• WHAT YOU WILL DO
Take the line that contains "Trackmania-Turbo (Xbox One)" and each one after it through the last line below, and retype them exactly. Leave out the pictures.

• SUPPLIED INFORMATION
----

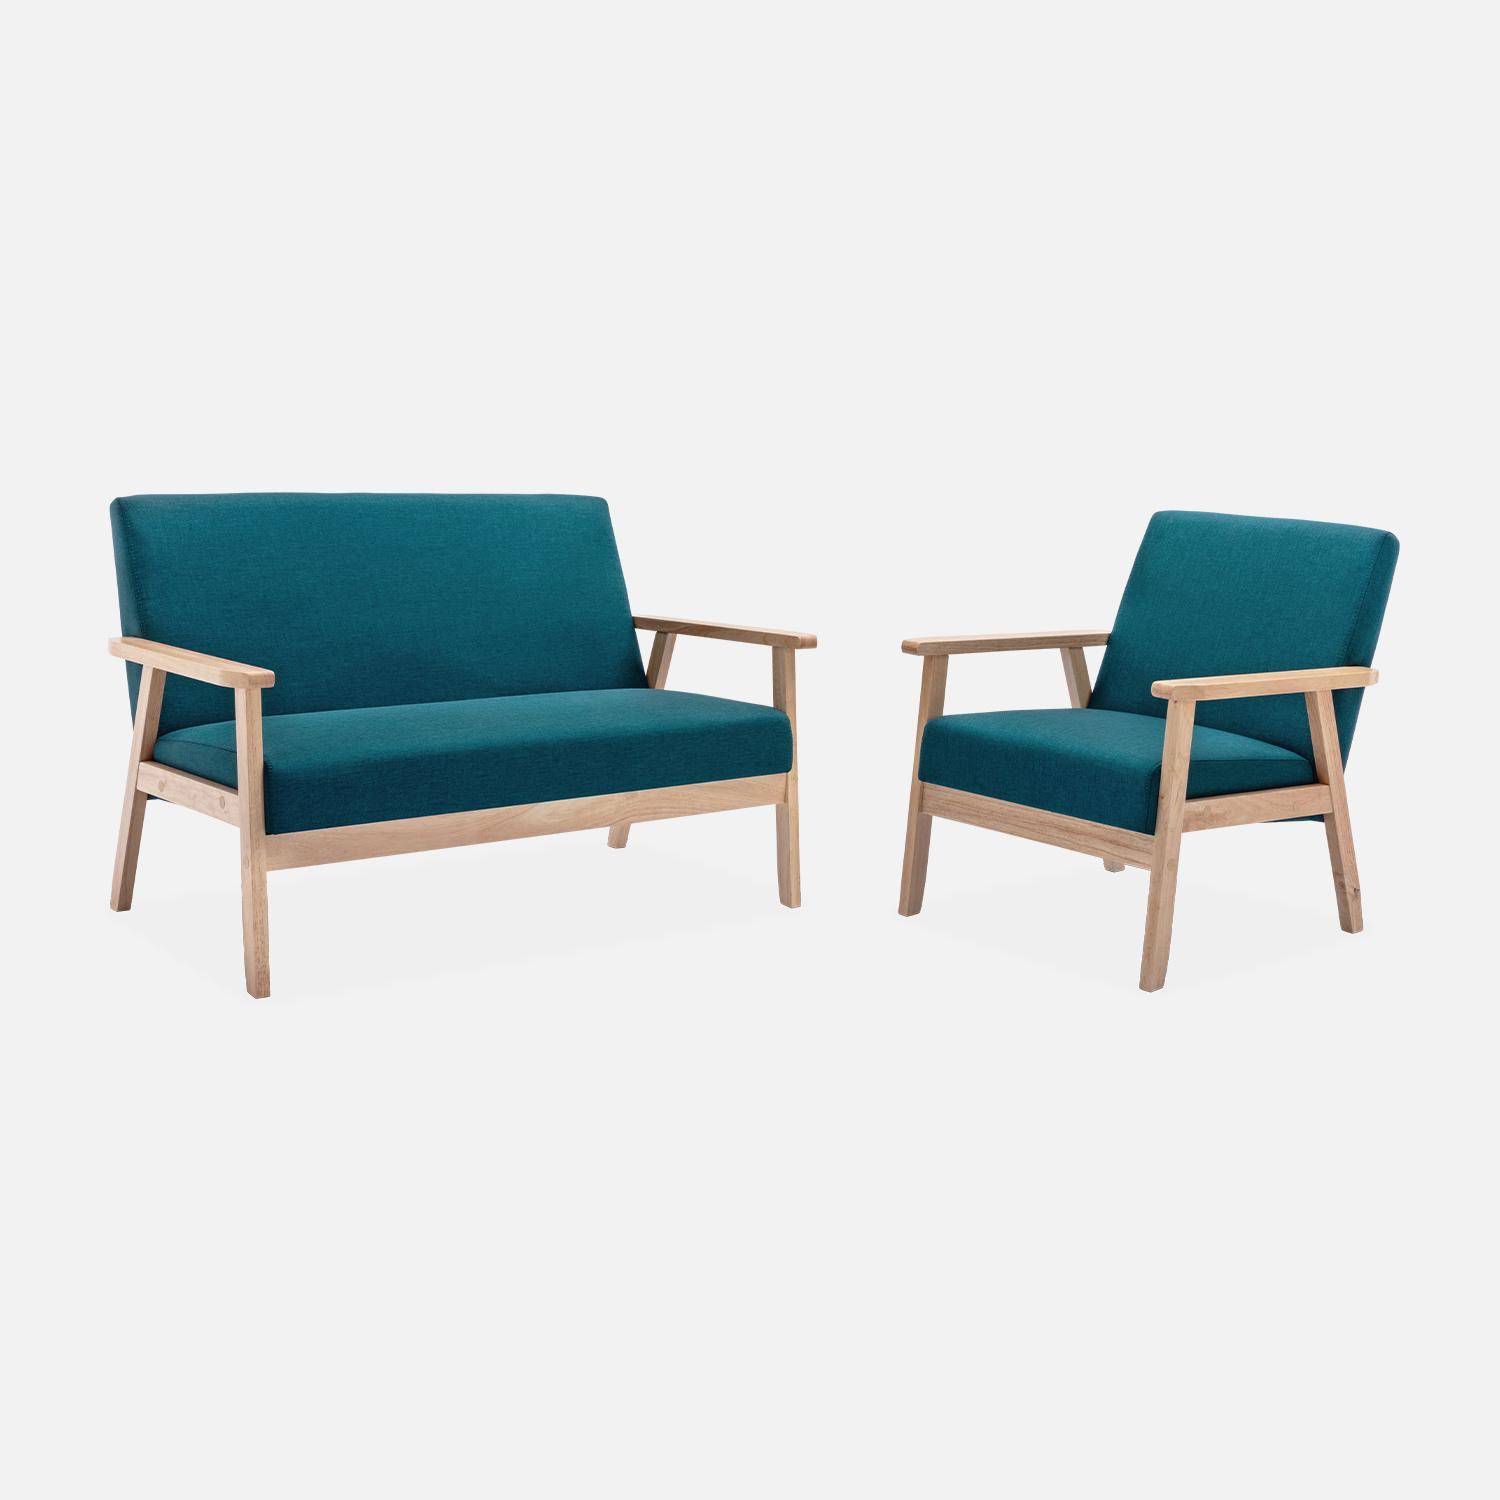 Banquette et fauteuil scandinave en bois et tissu bleu pétrole L 114 x l 69,5 x H 73cm,sweeek,Photo2
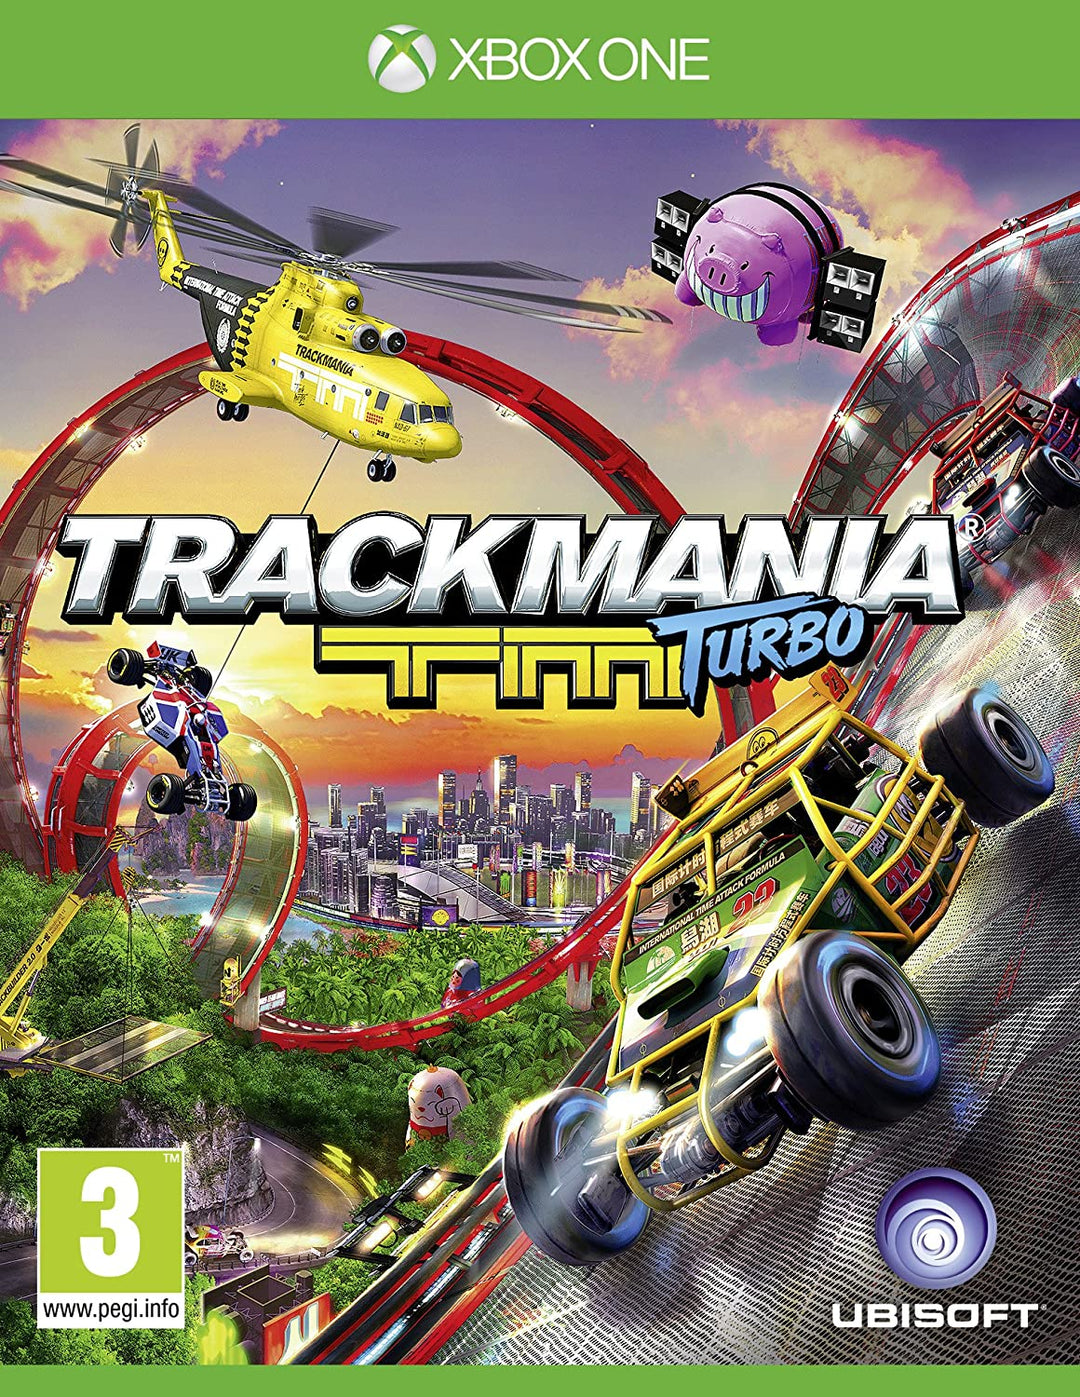 Trackmania-Turbo (Xbox One)
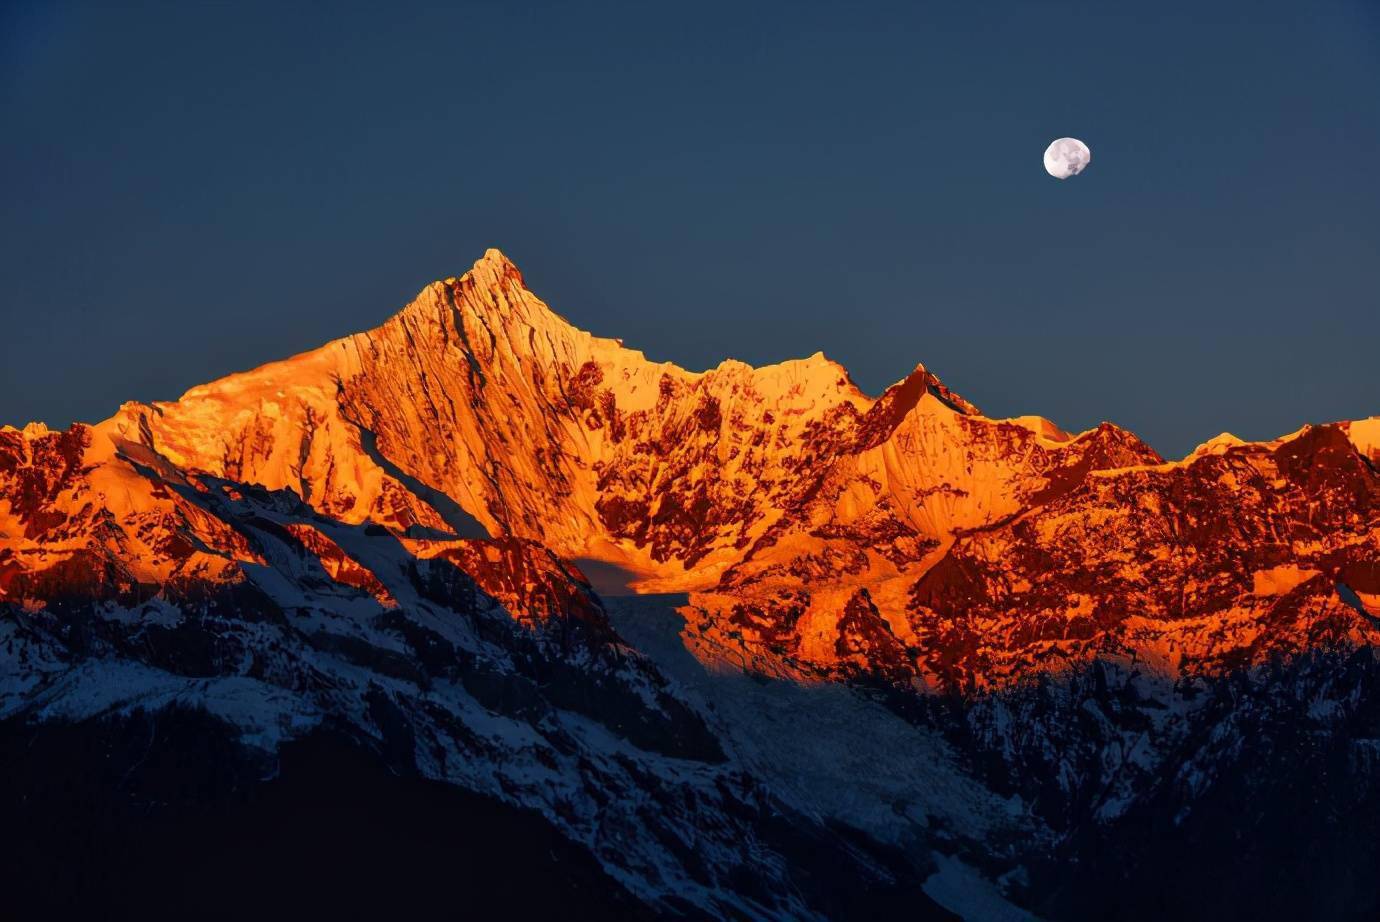 云南省卡瓦格博峰,是全世界公认最美丽雪山,被誉为雪山之神
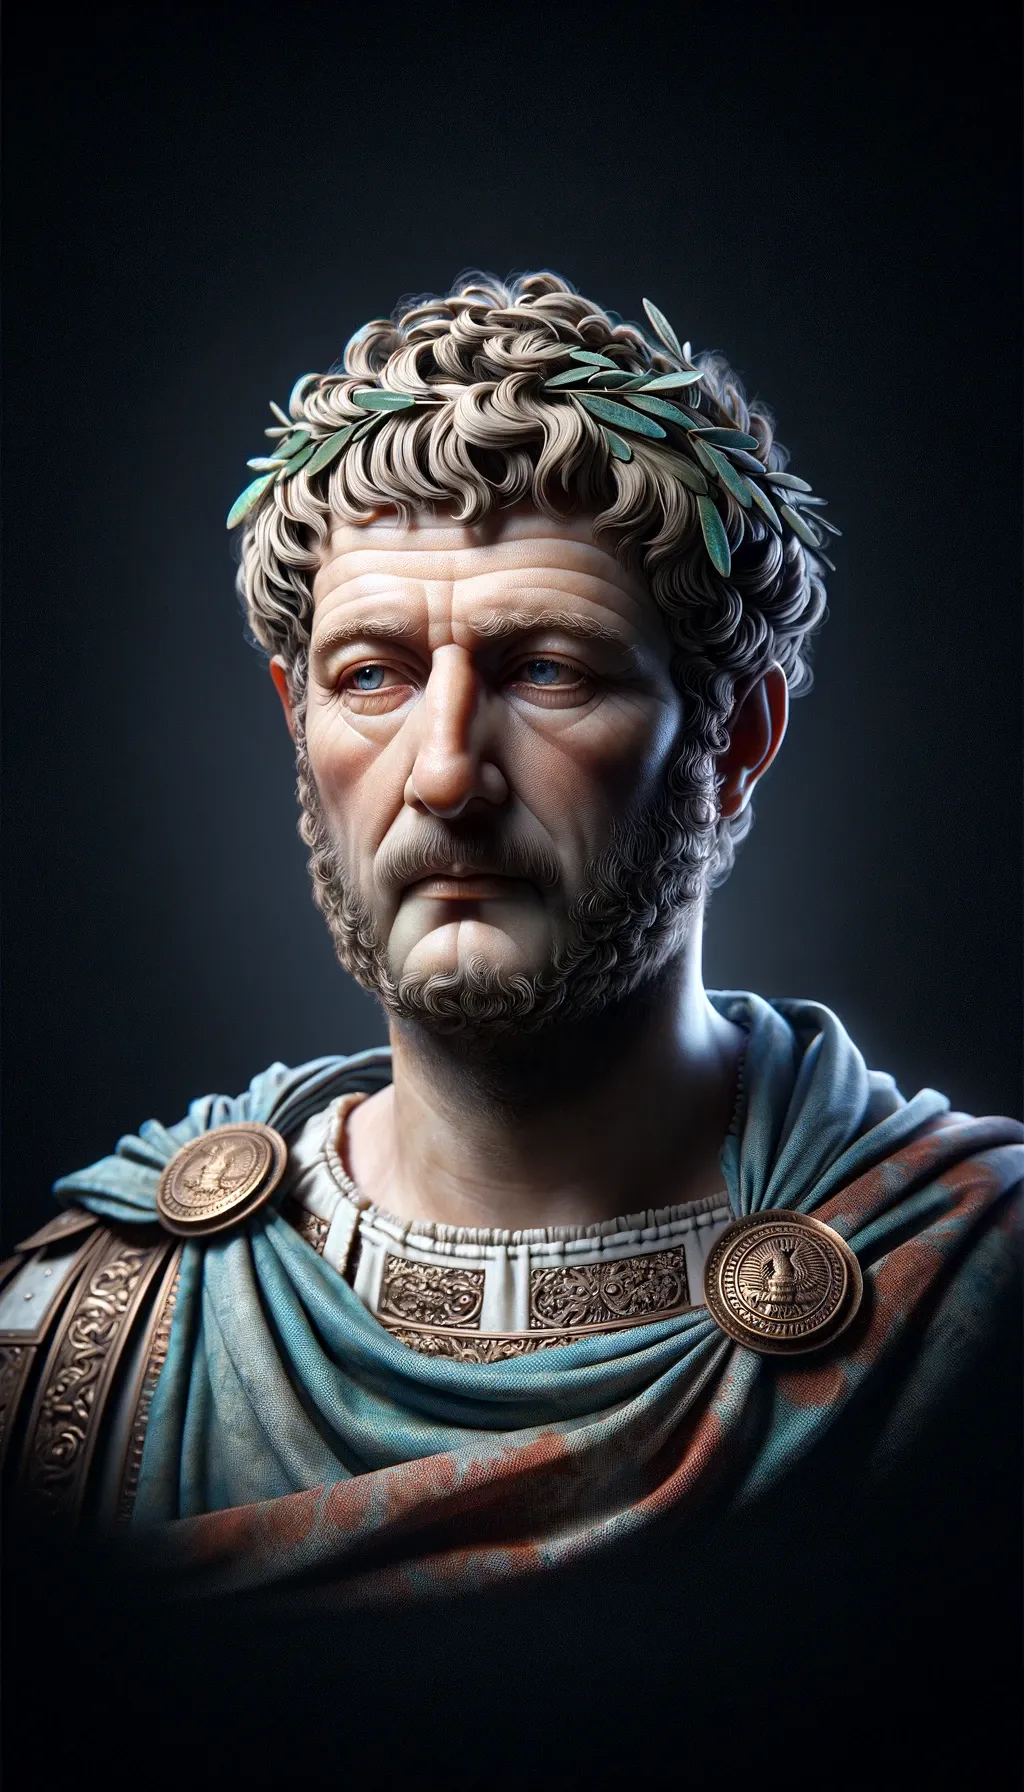 A portrait of Emperor Hadrian

----

• EXERCISE RESULT
 Trackmania-Turbo (Xbox One)
 云南省卡瓦格博峰,是全世界公认最美丽雪山,被誉为雪山之神
 A portrait of Emperor Hadrian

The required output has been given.